For completeness, we refer to the statutory exception. This is to be found in the far reaching and extremely beneficial remedy housed in s. 181 of the Companies Act 1965. It may, on reflection, be inaccurate to refer to it as an exception of the rule now under consideration. In truth it is an abrogation of the rule itself in those circumstances to which the section applies.


We now turn to consider the one exception with which this case is concerned. It is the derivative action; an ingenious procedural device created by Court of equity by which the rule of judicial non-interference




is overcome. It is based upon the premise that the company which has been wronged is unable to sue because the wrongdoers are themselves in control of its decision making organs and will not, for that reason, permit an action to be brought in its name. In these circumstances, a minority shareholder may bring an action on behalf of himself and all the other shareholders of the company, other than the defendants. The wrongdoers must be cited as defendants. So too must the company. The title to the action must reflect that the suit is being brought in a representative capacity. The statement of claim or other pleading filed in support of the originating process must disclose that it is a derivative action and recite the facts that make it so.

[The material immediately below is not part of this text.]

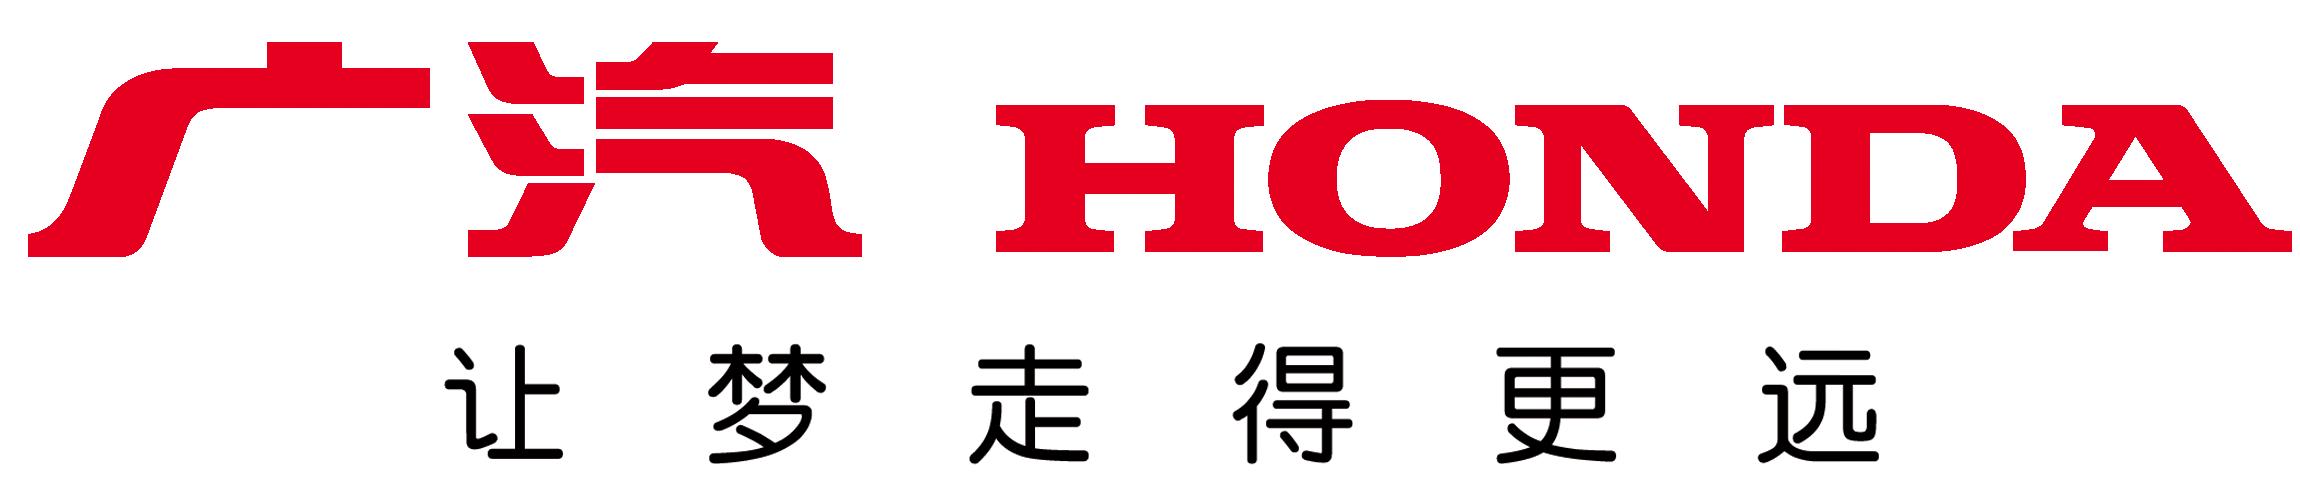 logo 标识 标志 设计 矢量 矢量图 素材 图标 2300_500

Further, there must be an express statement in the pleading that the action is being brought for the benefit of the company named as a defendant. An action that does not meet these requirements is liable to be struck out as being frivolous and vexatious”.


[9] It must not be forgotten that the exception to Foss v. Harbottle by way of derivative action was developed in the form of procedural device by the fiat of court to remedy a wrong that would otherwise escape redress. The learned authors of “Guide to the Companies Act”, A. Ramaiya at pg. 112 had this to say:


“The question whether this list of exceptions is exhaustive or whether the courts can go on expanding it whenever justice of the situation has been considered in a number of cases and has been thus answered by K NOX J in Smith v. Croft (No.2), [1998] Ch 114, 139, 170 : [1987]


3 All ER 909: “The fact that such a yardstick [i.e. justice of the case] would or might be unsatisfactory because it does not give a practical guide to the limits of the rule and its exceptions does not detract from the fact that the ‘whole doctrine whereby a minority shareholder is permitted to assert claims on behalf of the company is rooted in procedural expedients and adopted to prevent a wrongdoing without a redress. ” The other cases in which this point has been considered




are: Estamanco (Kilner House) ltd. v. Greater London Council, [1982]


1 WLR 2 at 11: [1982] 1 All ER 437; Hawkesbury Development Co.


Ltd. v. Landmark Finance Pty. Ltd., [1969] 92 WN (NSW) 199, 208;


Biala Pty. Ltd. v. Mallina Holdings Ltd., [1988] 14 ACLR 350, Western Australia.”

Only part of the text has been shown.